The Golgi zone (44) deserves special attention because its hyperplasia in some cancers was noted a long time ago. As all cytologists know, it corresponds to the cellular center which becomes conspicuous in cultures of some virus-infected cells or in cancer cells grown in vitro (45, 46). Hyperplasia of the paranuclear zone is beautifully illustrated in Rous sarcoma cells grown in tissue culture (fig. 16) and was even considered by Tenenbaum and Doljanski in their fundamental work on the cytopath-ology of the Rous sarcoma cells (47) as the main change occurring in the cytoplasm.

There is no doubt that, like the giant mitochondrial bodies noted, such areas, because of their often well-demarcated limits, have been believed to be "inclusion bodies." Yet there is no difference between the ultrastructure of this area and that of a normal Golgi zone in a cell in which it is well developed, such as the plasma cell (archoplasm). The "inclusion body "-like effect and demarcation from the rest of the cytoplasm are due to dense packing of the Golgi elements (fig. 17) and often to distention of the Golgi vacuoles by a substance of unknown significance. It is of interest to note, particularly in the Rous sarcoma in which this hypertophy is a marked feature, that no relationship between it and virus formation has been observed.

This consideration is important because a relationship between Golgi apparatus and virus particles has been stressed in some strains of mouse mammary cancers (48). There is no doubt in this case that the intracellular particles termed type A by Bernhard (7) are concentrated in the Golgi region where they may accumulate in such numbers that an "inclusion body" is visible in the light microscope (49). But aside from the presence of particles at this site, the participation of the Golgi apparatus in the formation of such particles is not clear. Furthermore, the meaning of the intracellular type of particle in mouse mammary cancer is subject to much discussion, since it has been shown that this was not the infective particle (50-62) and that the latter could develop in some mouse strains without the necessary intermediate occurrence of the A type of particle (50).

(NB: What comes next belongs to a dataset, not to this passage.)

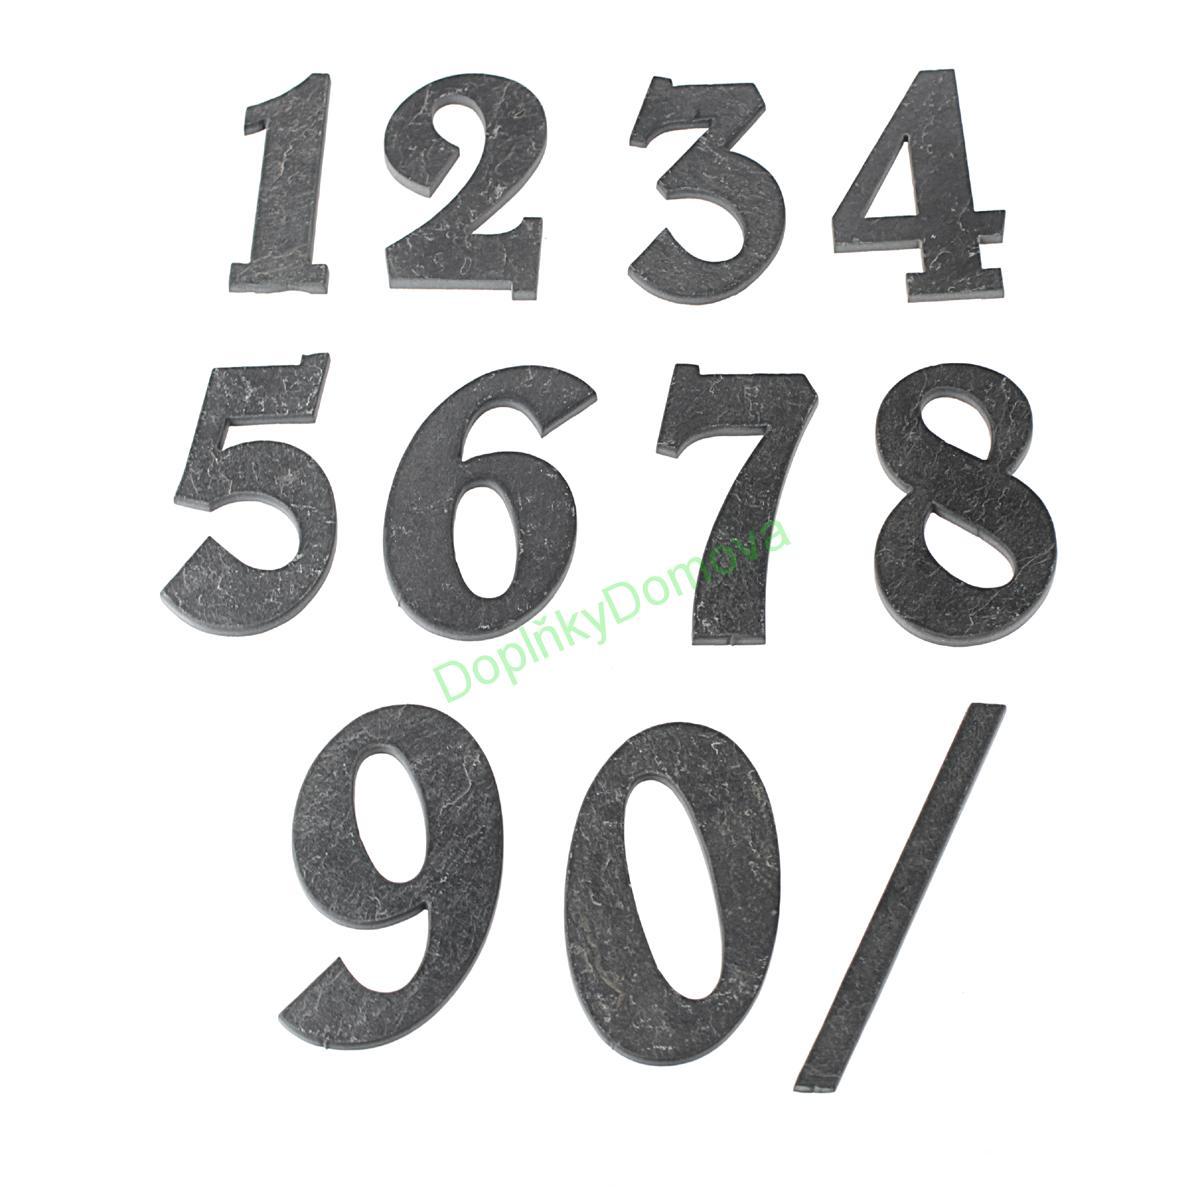 Domovní číslo popisné Břidlice BELWE - č. 8

One should now discuss still another type of particulate formation, which is concerned with the complex of "particle-containing" vacuoles described as "compound vacuoles" by Low and Freeman (53). This structure is found in many types of normal cells, often in the Golgi region and, typically, vesicles are always present in the cytoplasm immediately adjacent to the vacuole membrane (fig. 18).

In mouse mammary cancer comparable particle-filled vacuoles are frequent among the type A particles. They are striking in K-virus-infected cells (54). Aggregations of comparable vacuoles have been described in Lucke's renal adenocarcinoma (26). In human breast cancer, attention has been drawn (82) to formations that may resemble this, though the absence of vesicles around the vacuolar membrane or even the disappearance of this membrane casts some doubt as to their similar nature (fig. 19). The regularity sometimes of the particles themselves has even led-on purely morphologic grounds-to discussion of their possible viral nature. Arguments in favor of their being a perfectly regular structure of a normal cell are equally strong. It is important, nevertheless, to be aware of them.